For the past ten years, Democrats have focused more on redistricting and imposing mistakes, and this year they are focusing more on states where Republicans are not only in control, but also gaining the power to redraw another seat. .

The more aggressive actions of Democrats, along with changes in states to make the redistricting process less partisan, have made it possible for Republicans to protect their redistricting work in some states. That’s why people like Ward and other redistricting-focused Democrats believe the party will try to do everything it can in places like Florida, Georgia and Texas to get seats.
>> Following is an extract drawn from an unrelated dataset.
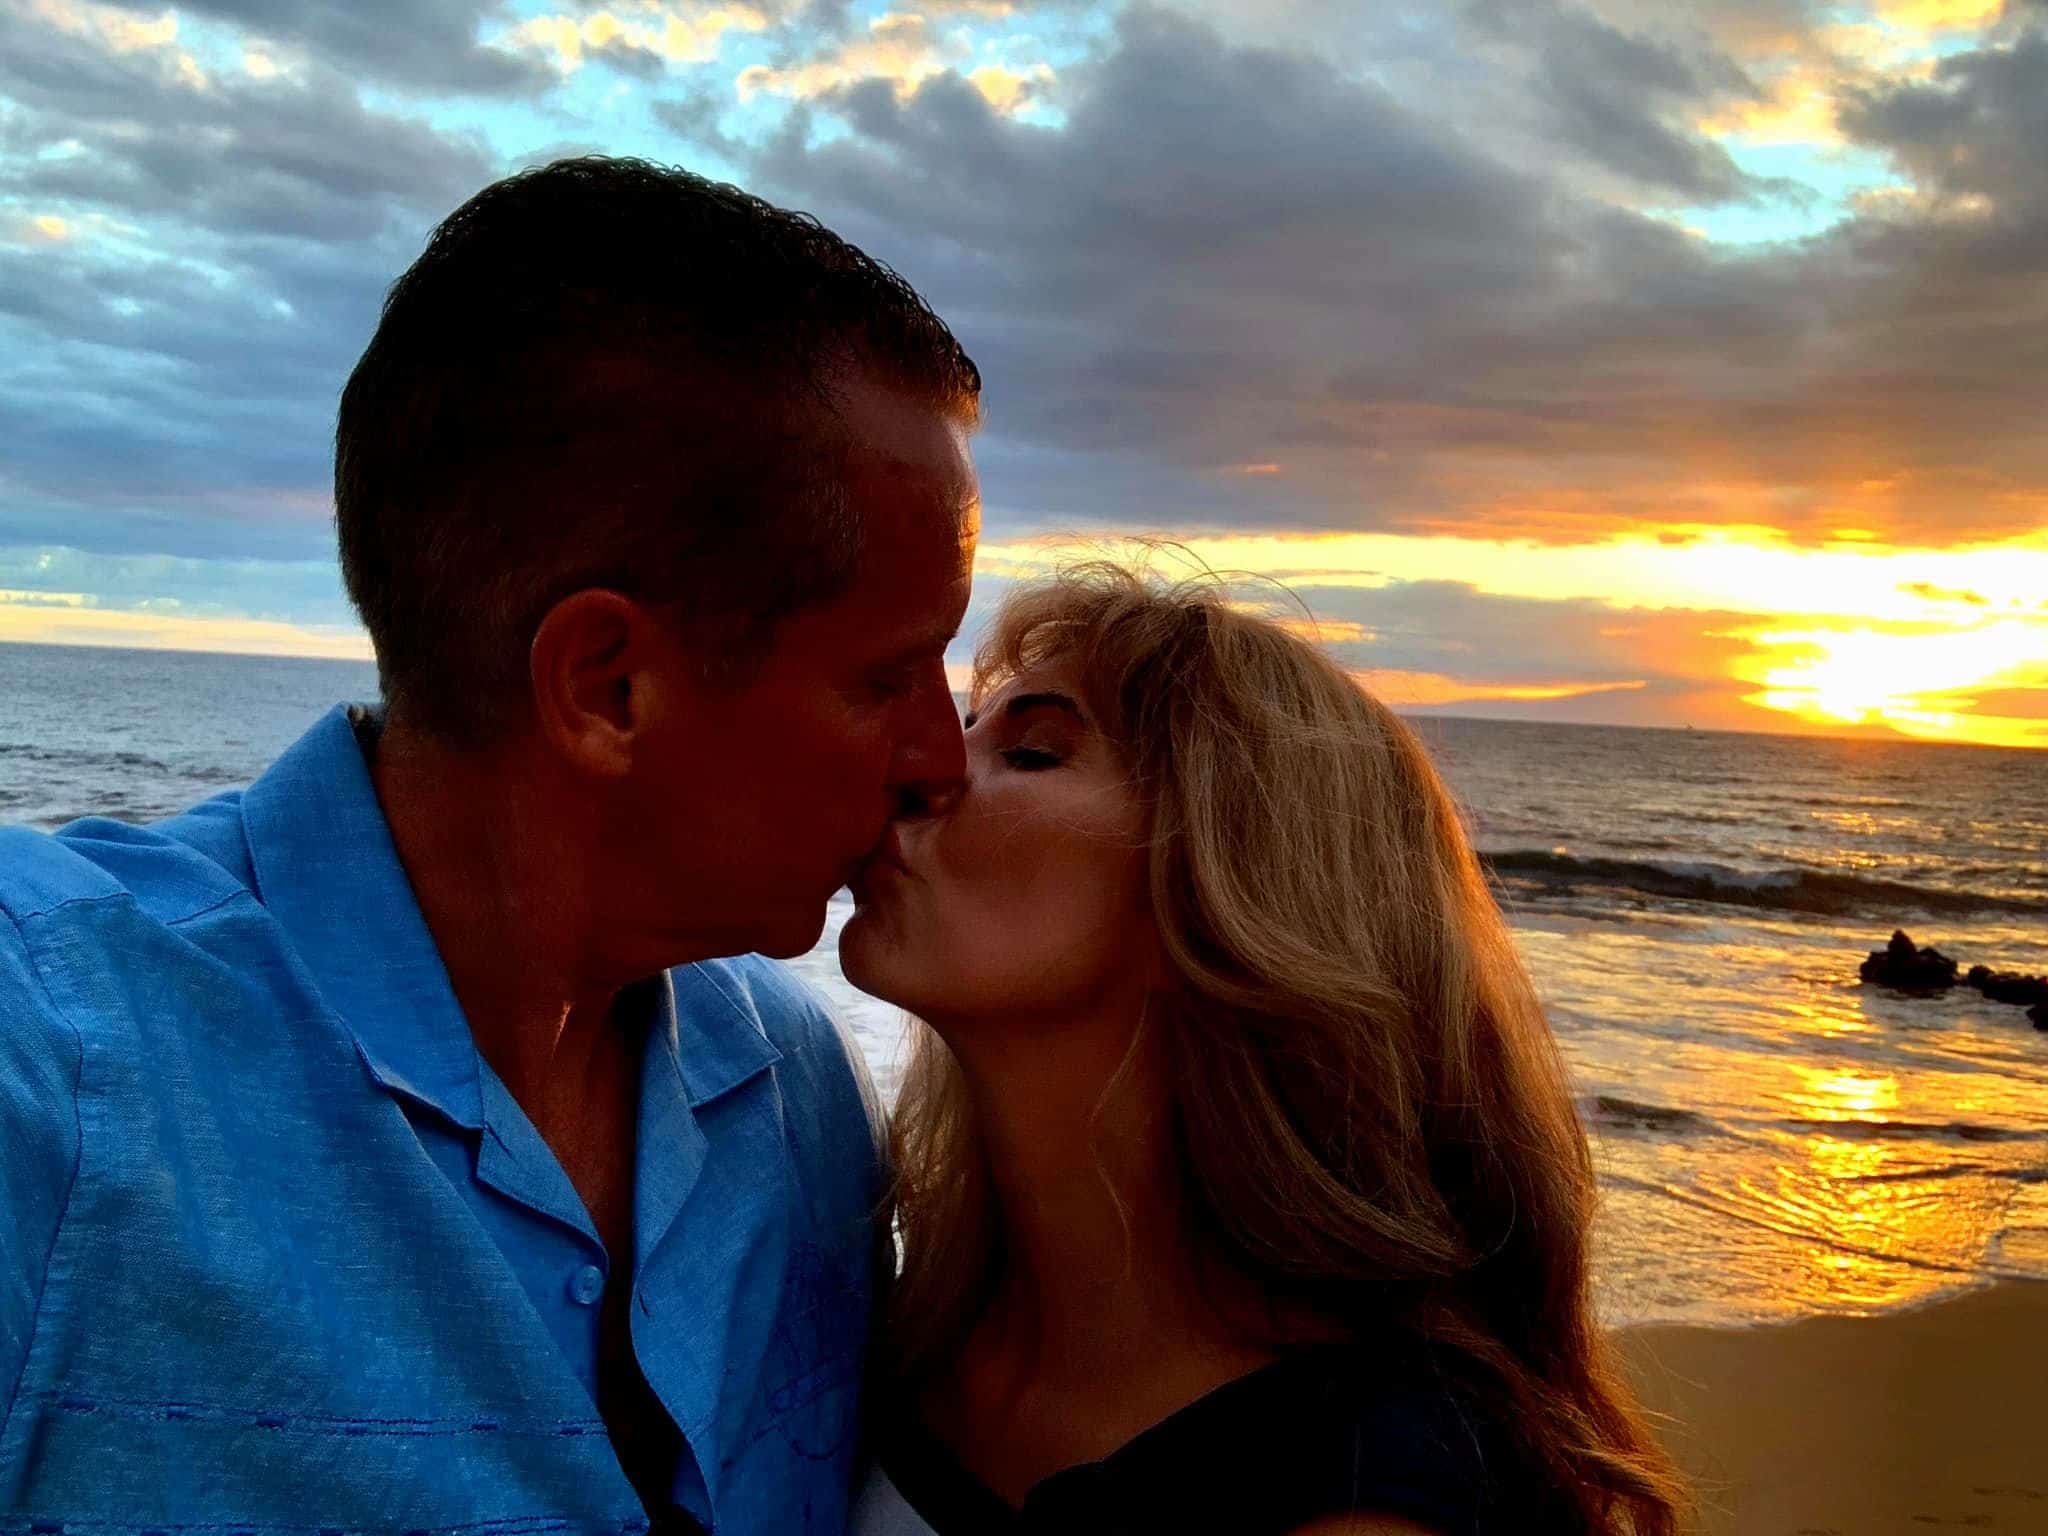 A man and woman keeping the flame alive as they kiss on the beach at sunset

The latest redistricting process is also taking place at a time when Democrats are drawing much more attention to the imposition of mistakes, making it an important political issue, especially in minority communities that are often more affected by partisan redistricting.

Jasmine Burney-Clark, who runs the Equal Ground Education Fund in Florida, recently began preparing activists to put pressure on the redistricting process, teaching various community and faith leaders what role they might play in advocating for ‘a fair redistriction in a state where process is controlled by Republicans. The effort comes years after a withdrawal process in 2010 led to numerous lawsuits and a withdrawal process.

“We’re definitely getting ready for what might come, because we’ve seen it before,” Burney-Clark said. “Our hope is that they have learned a lesson and try to do it this time with black and brown people, but we know they will try to squeeze everything they can in the most advantageous way possible.”